Amalga was formerly called Azyxxi (rhymes with "Trixie"). Doctors Mark Smith and Craig Feied designed the system along with software engineer Fidrik Iskandar.

Microsoft bought Azyxxi in 2006 from Datomics Licensing and General Datomics, companies founded by Azyxxi's creators. MedStar Health, a nonprofit health-care company, co-owned General Datomics.

Azyxxi was first deployed around 1996 in the emergency department of Washington Hospital Center, in Washington, D.C., one of MedStar Health's facilities.

Amalga can also be used for managing data in different accounting systems. Microsoft says Amalga is part of a new software category the company terms a "unified intelligence system."

Microsoft has a version of Amalga for emerging markets, Amalga Hospital Information System, which has features such as bed management, human resources and picture archiving for radiology.
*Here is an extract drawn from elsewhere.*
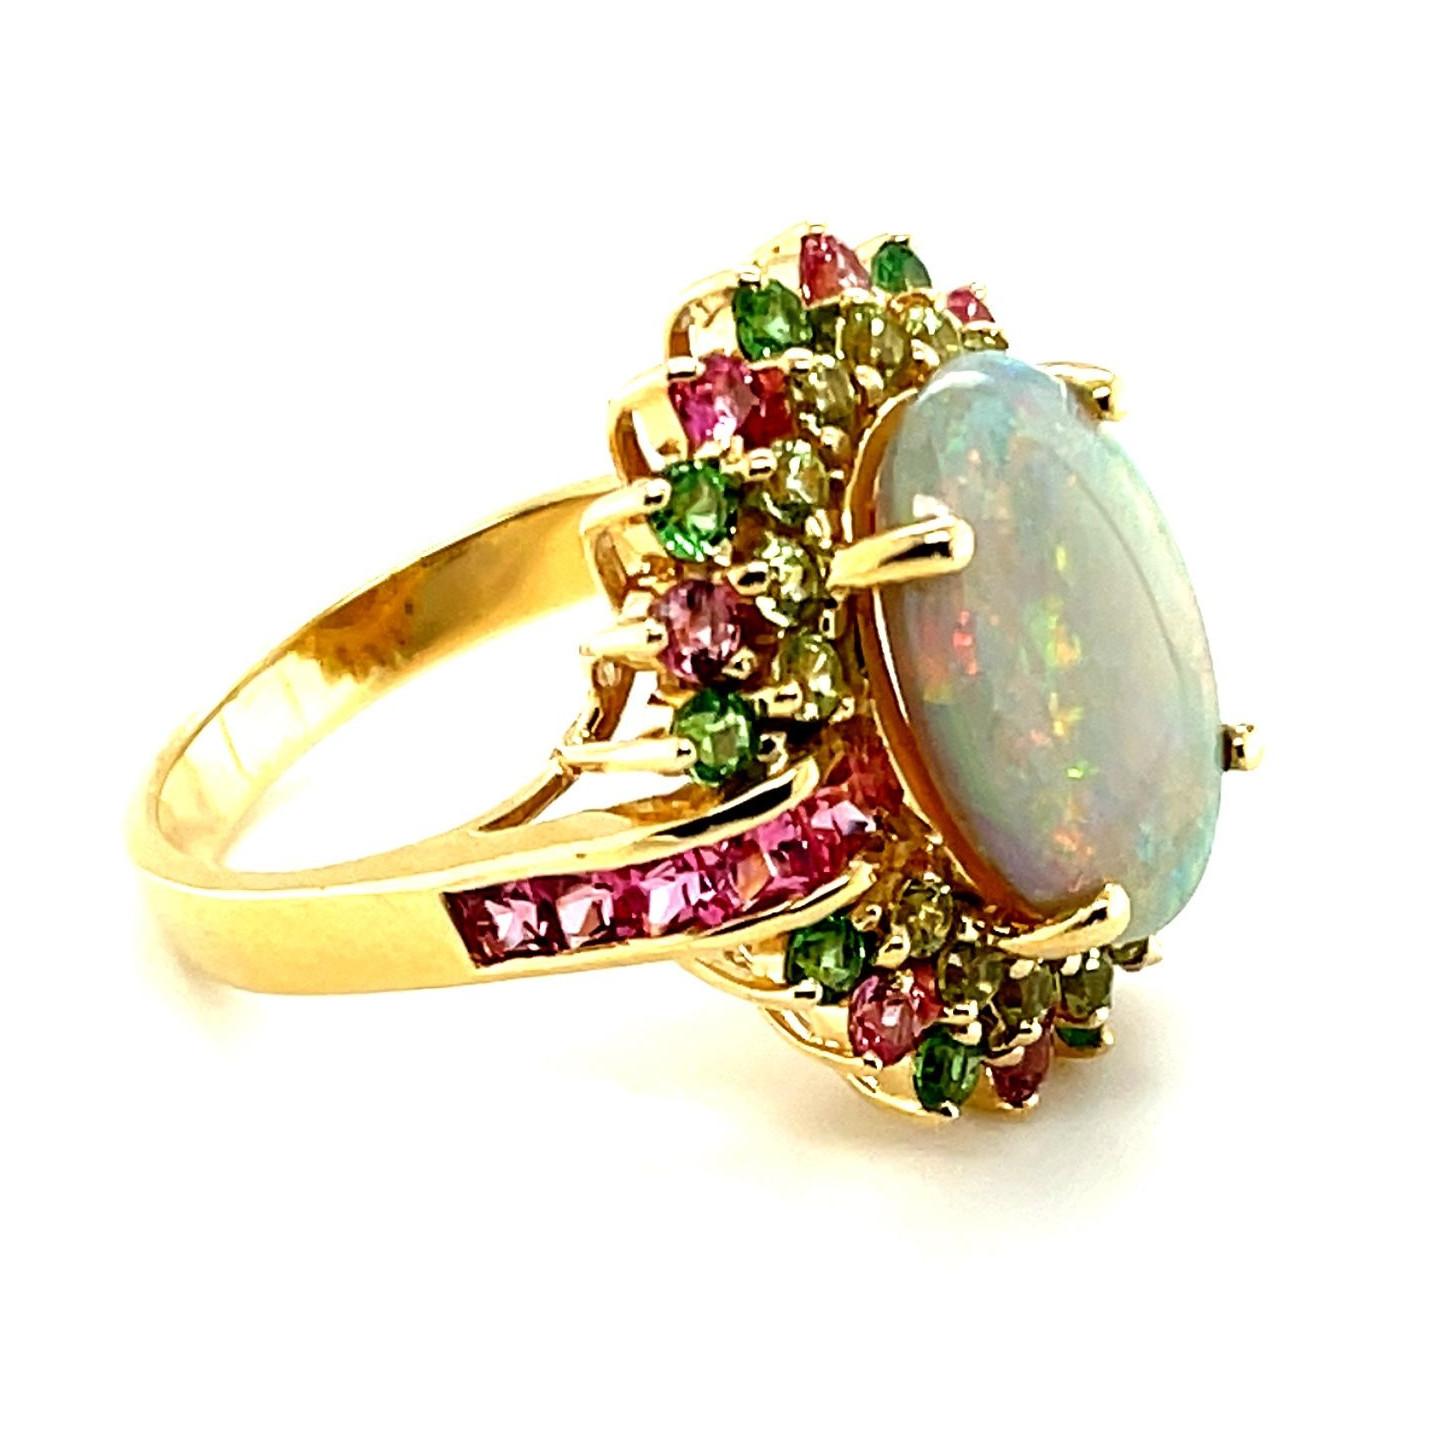 Ein wunderschöner, prismatischer Opal von 4,14 Karat steht im Mittelpunkt dieses witzigen Cocktailrings aus 14-karätigem Gelbgold, der mit Peridots, rosa Spinellen und Tsavorit-Granaten besetzt ist. Jeder der für diesen Ring ausgewählten Edelsteine

The picture archiving feature is also offered as a stand-alone system called Amalga Radiology Information System and Picture Archiving and Communication System.

Microsoft's Amalga could present some competition for incumbent European health-care software makers, wrote Tola Sargeant, public IT infrastructure analyst for Ovum.

"If it can be proven in wide-scale deployments - and with Microsoft behind it we have no reason to suppose it won't be - then Amalga is likely to have strong appeal for European health care providers, particularly those with a mish-mash of existing clinical and departmental systems that remain popular with clinicians," Sargeant wrote in a research note.

Amalga is being used by eight hospitals in MedStar Health's network, which covers the Washington, D.C., and Baltimore areas, as well as Johns Hopkins Hospital, among others.